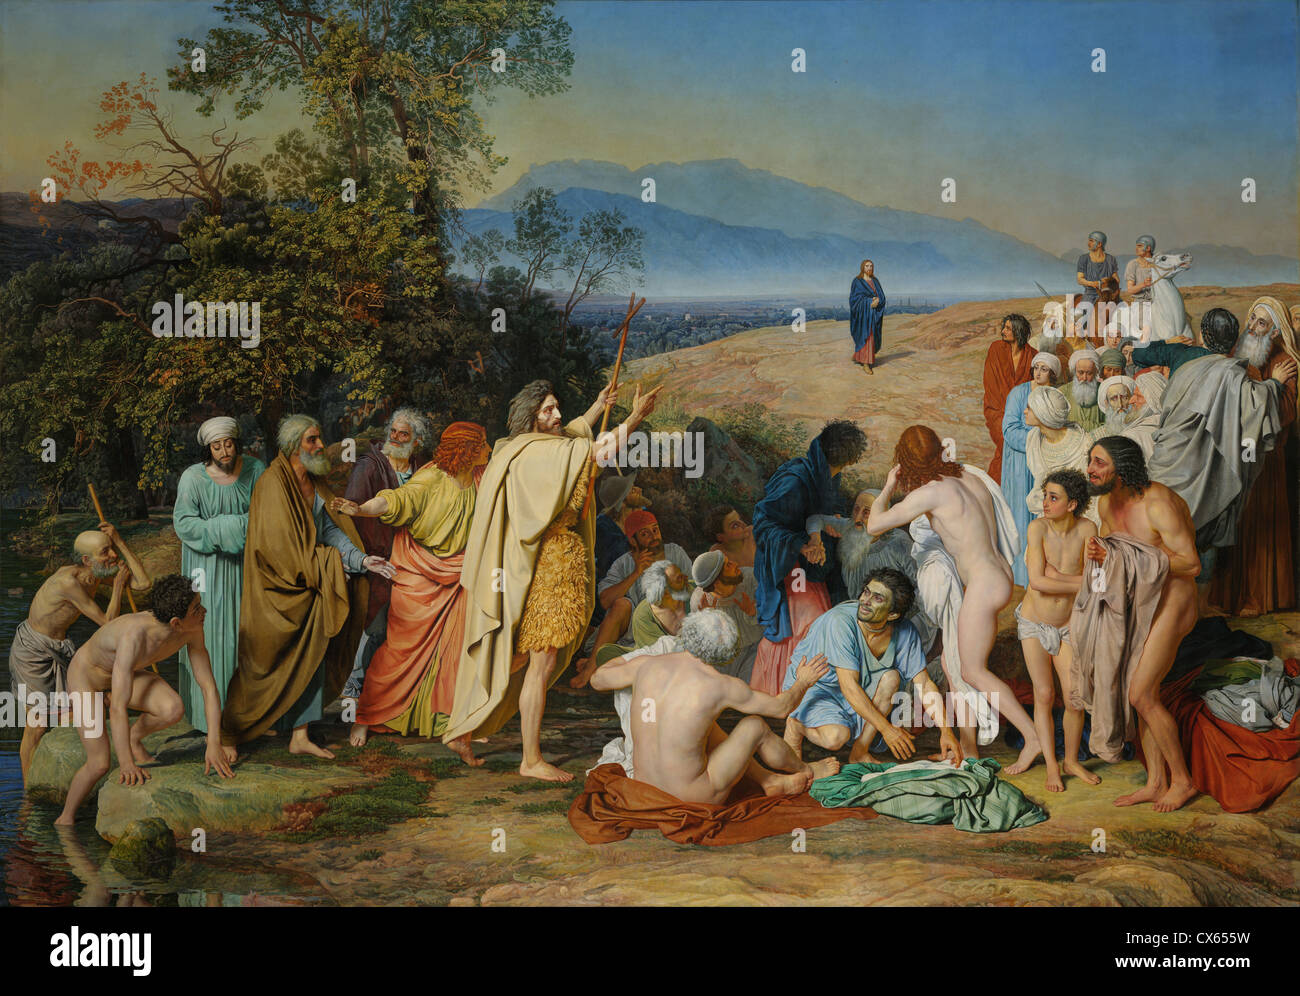 Alexander Andreyevich Iwanow der Erscheinung Christi vor den Menschen, zwischen 1837 und 1857 - Sehr hohe Qualität und Auflösung Bild gemalt Stockfoto
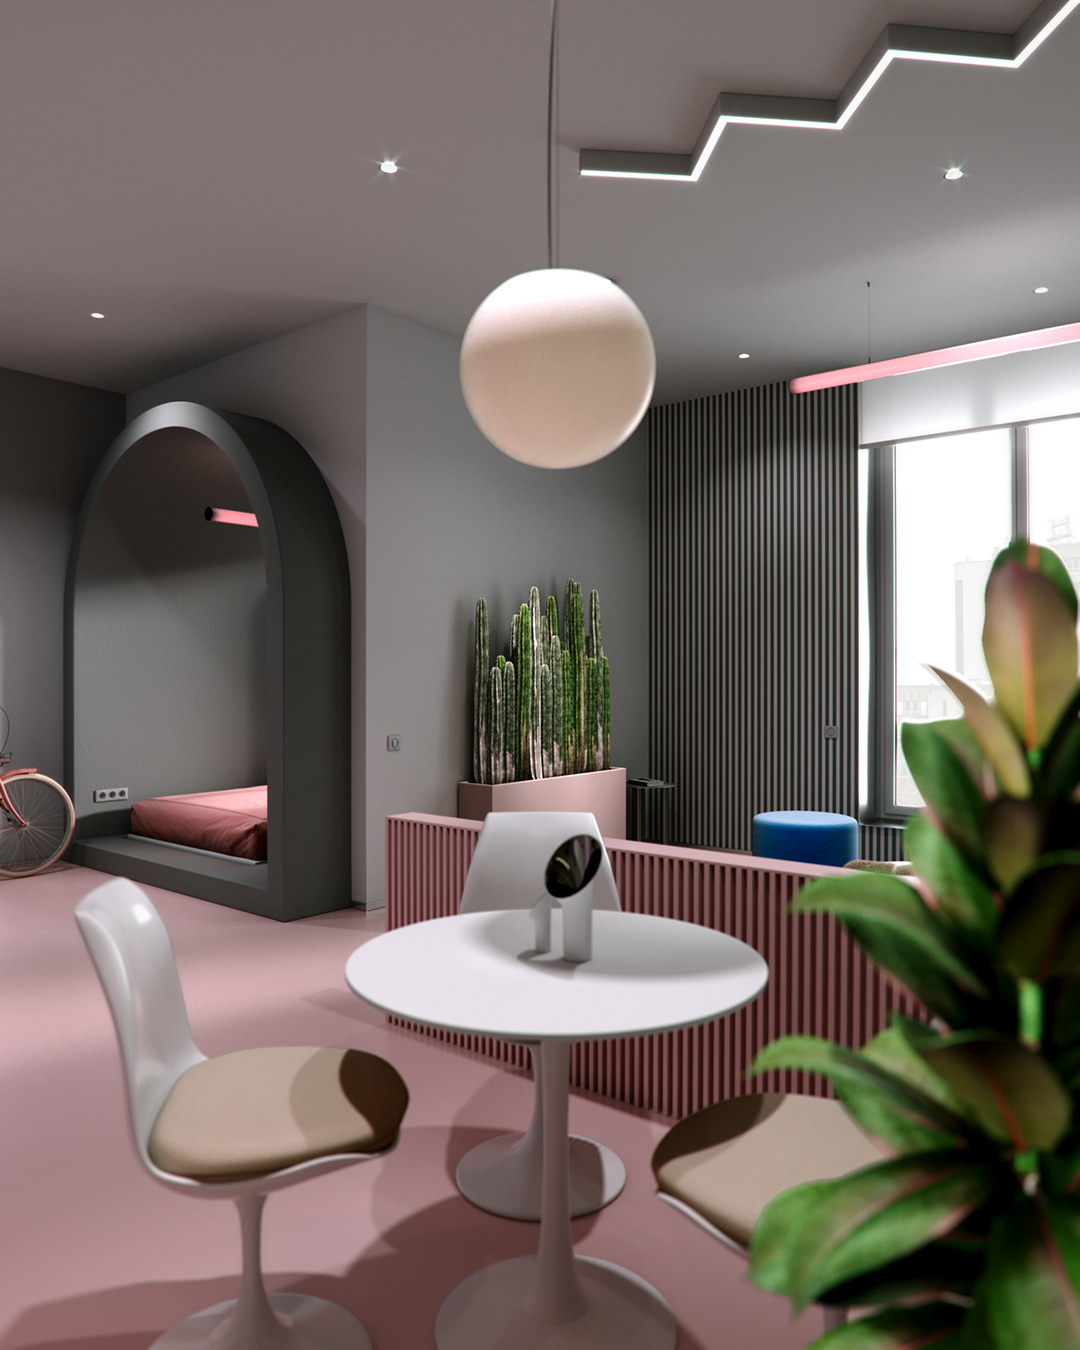 3D 3dsmax apartment apartmentdesign coronarenderer design Interior interiordesign smallspace
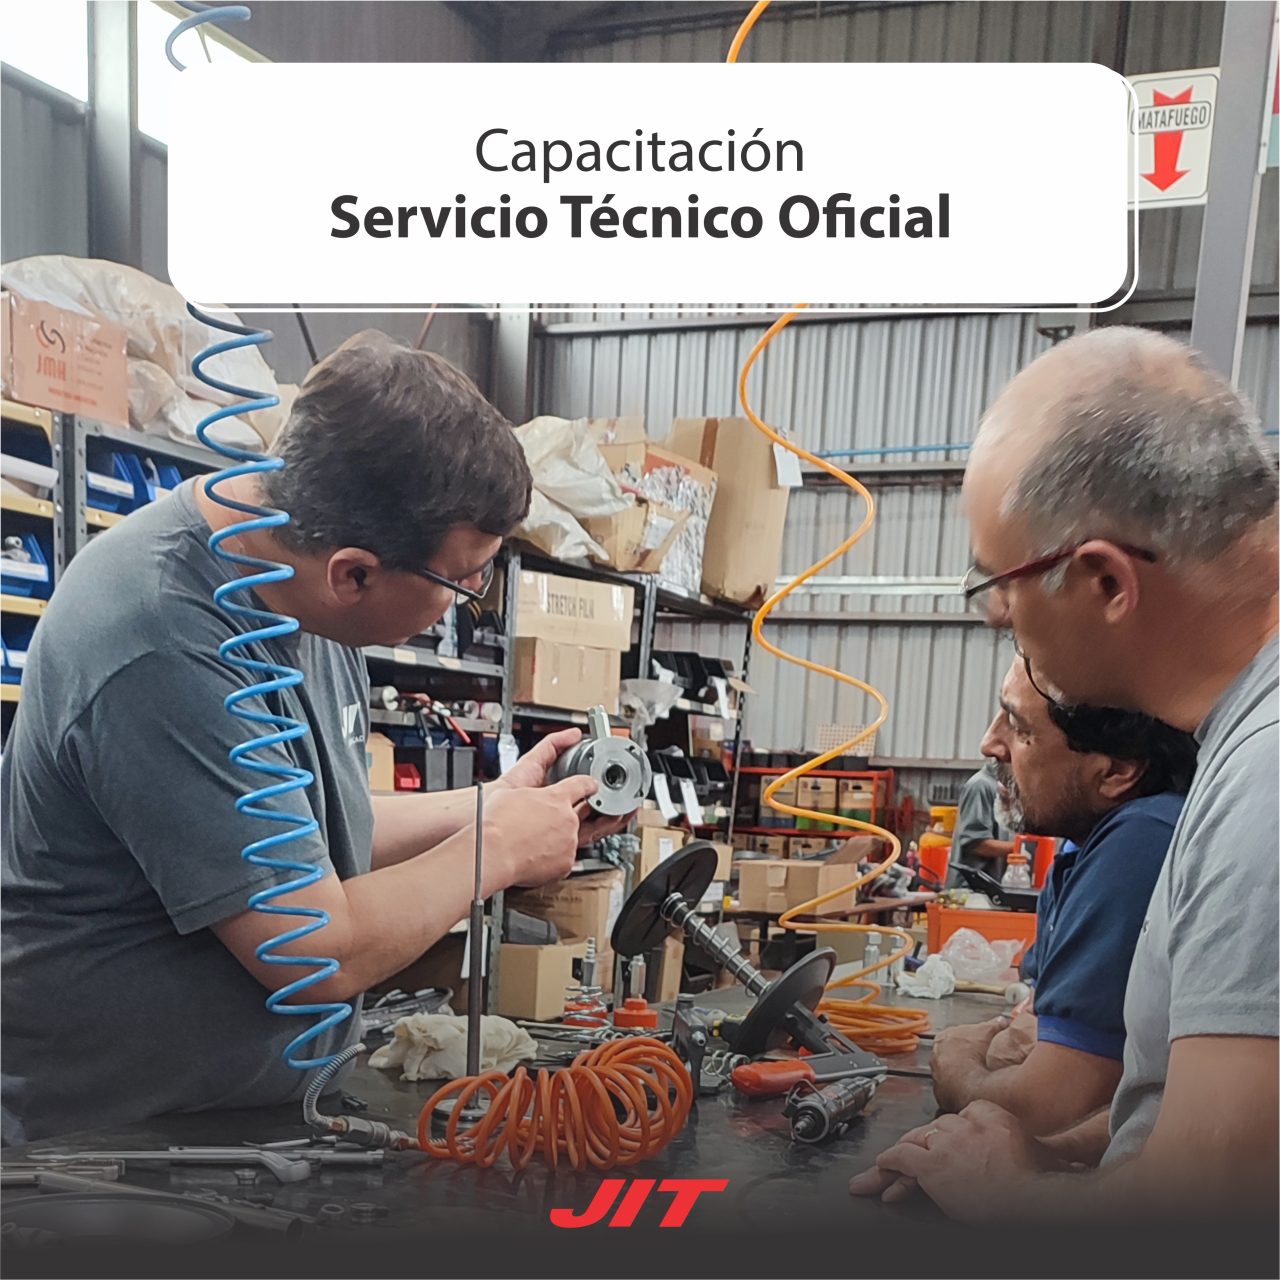 Capacitacion-Servicio-Tecnico-Oficial-1280x1280.jpg
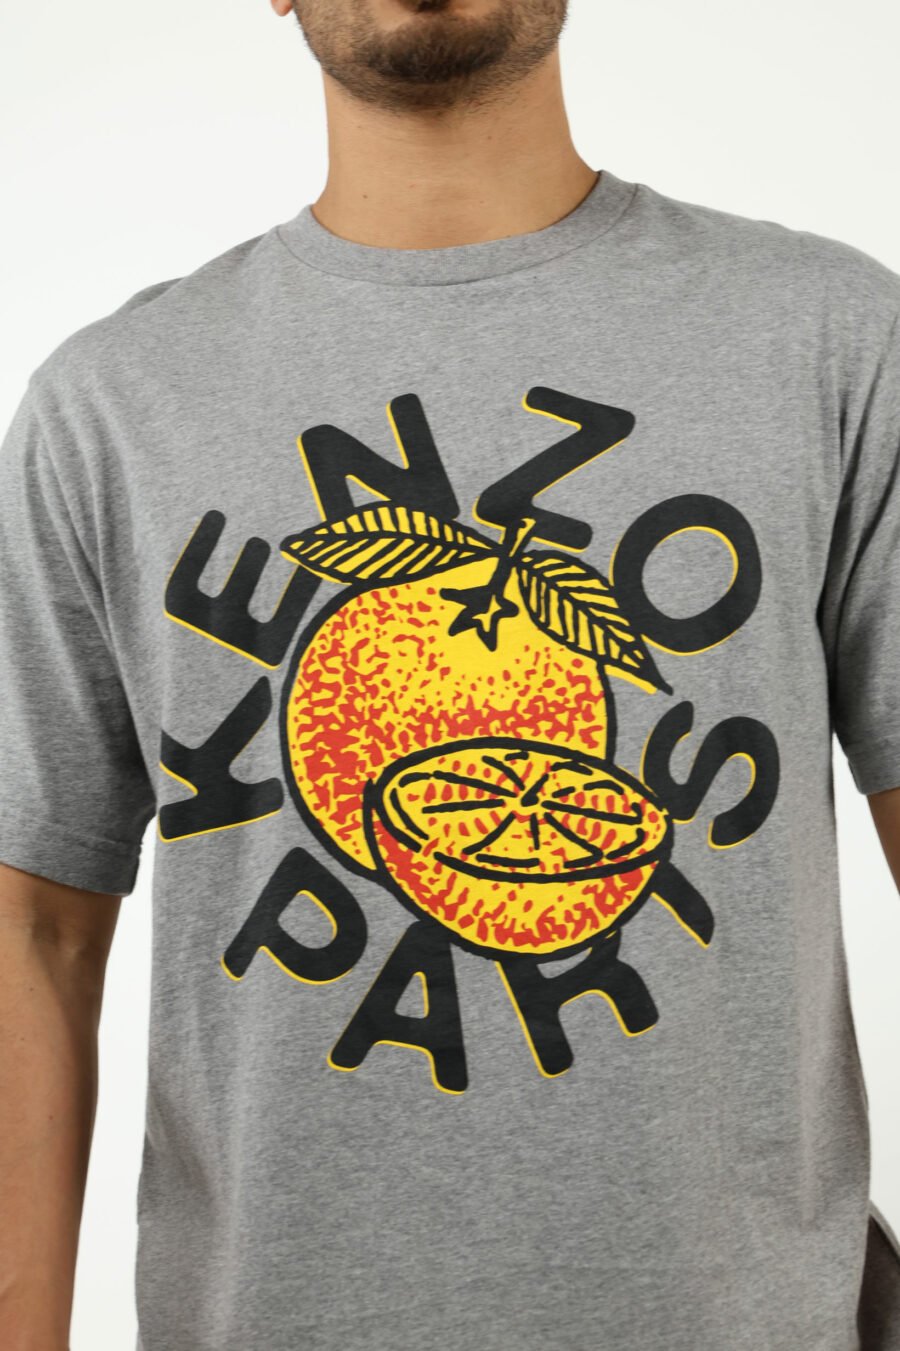 Camiseta gris con maxilogo "kenzo orange" - number13592
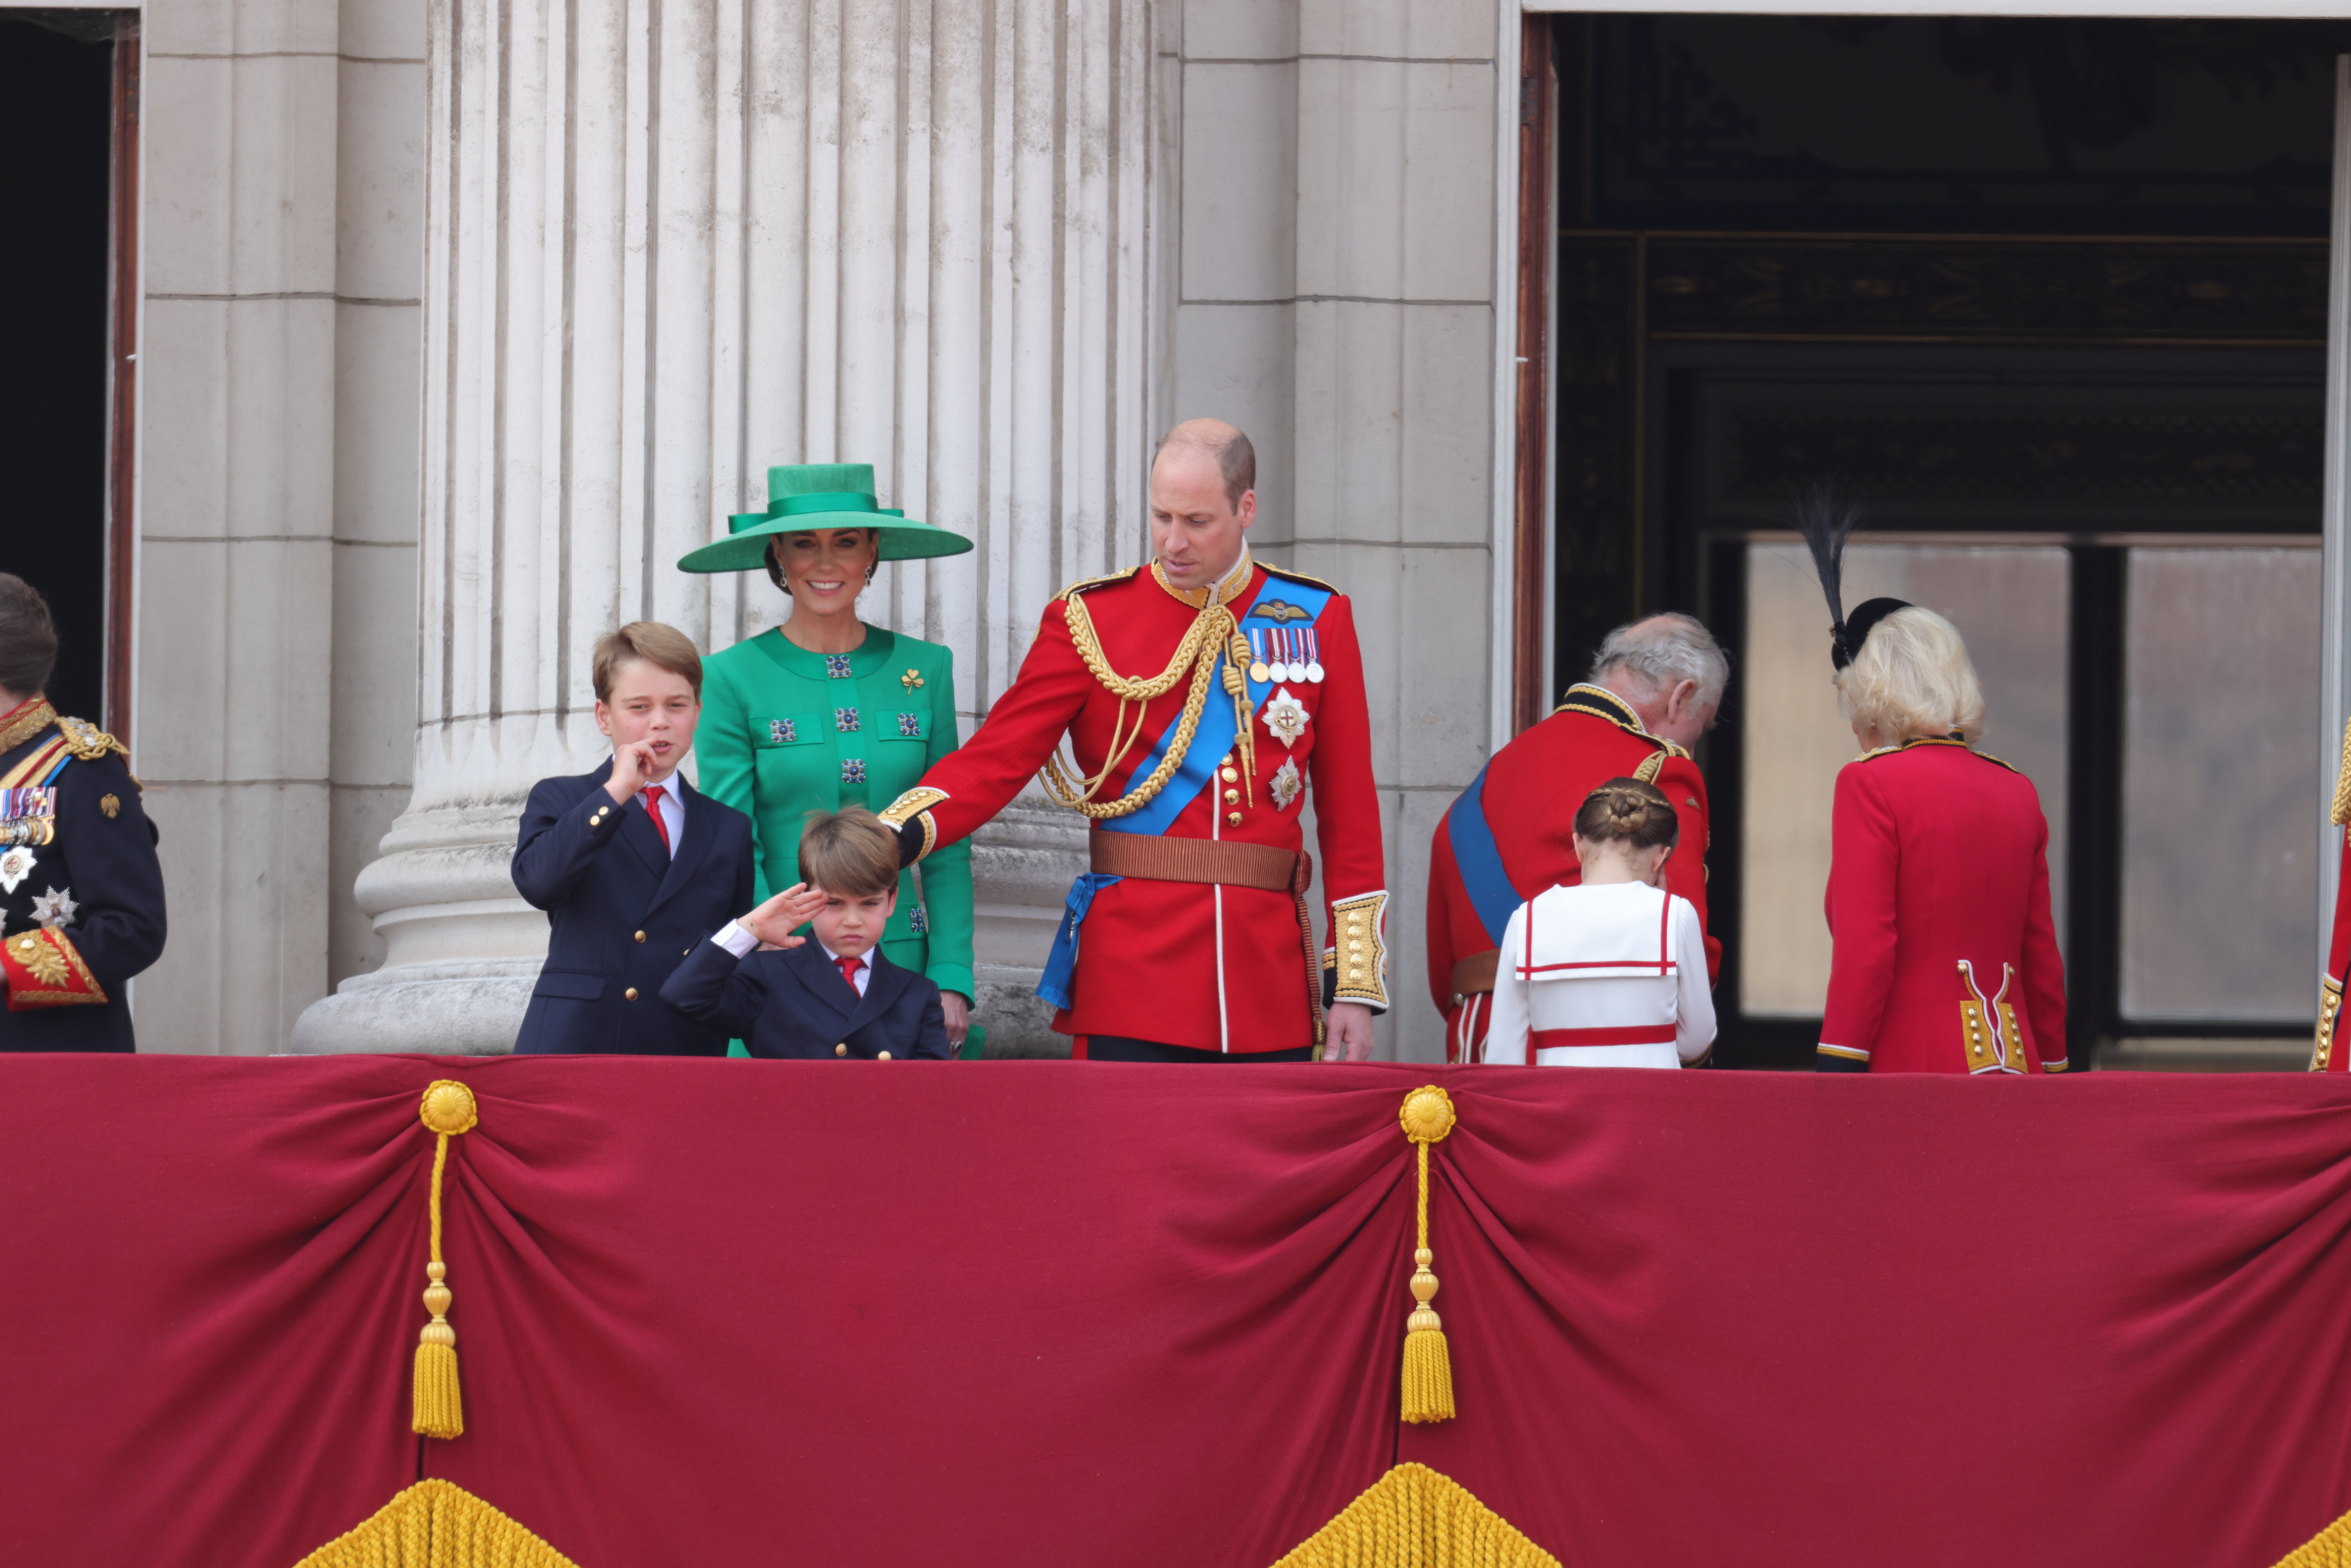 Prinz William trat vor, um bei der Betreuung der Kinder zu helfen, als er zu seiner Familie auf den Balkon zurückkehrte

— What the task asks —
Copy the listing character for character, pictures omitted.

— Solution —
 Alexander Andreyevich Iwanow der Erscheinung Christi vor den Menschen, zwischen 1837 und 1857 - Sehr hohe Qualität und Auflösung Bild gemalt Stockfoto
 3D 3dsmax apartment apartmentdesign coronarenderer design Interior interiordesign smallspace
 Capacitacion-Servicio-Tecnico-Oficial-1280x1280.jpg
 Camiseta gris con maxilogo "kenzo orange" - number13592
 Prinz William trat vor, um bei der Betreuung der Kinder zu helfen, als er zu seiner Familie auf den Balkon zurückkehrte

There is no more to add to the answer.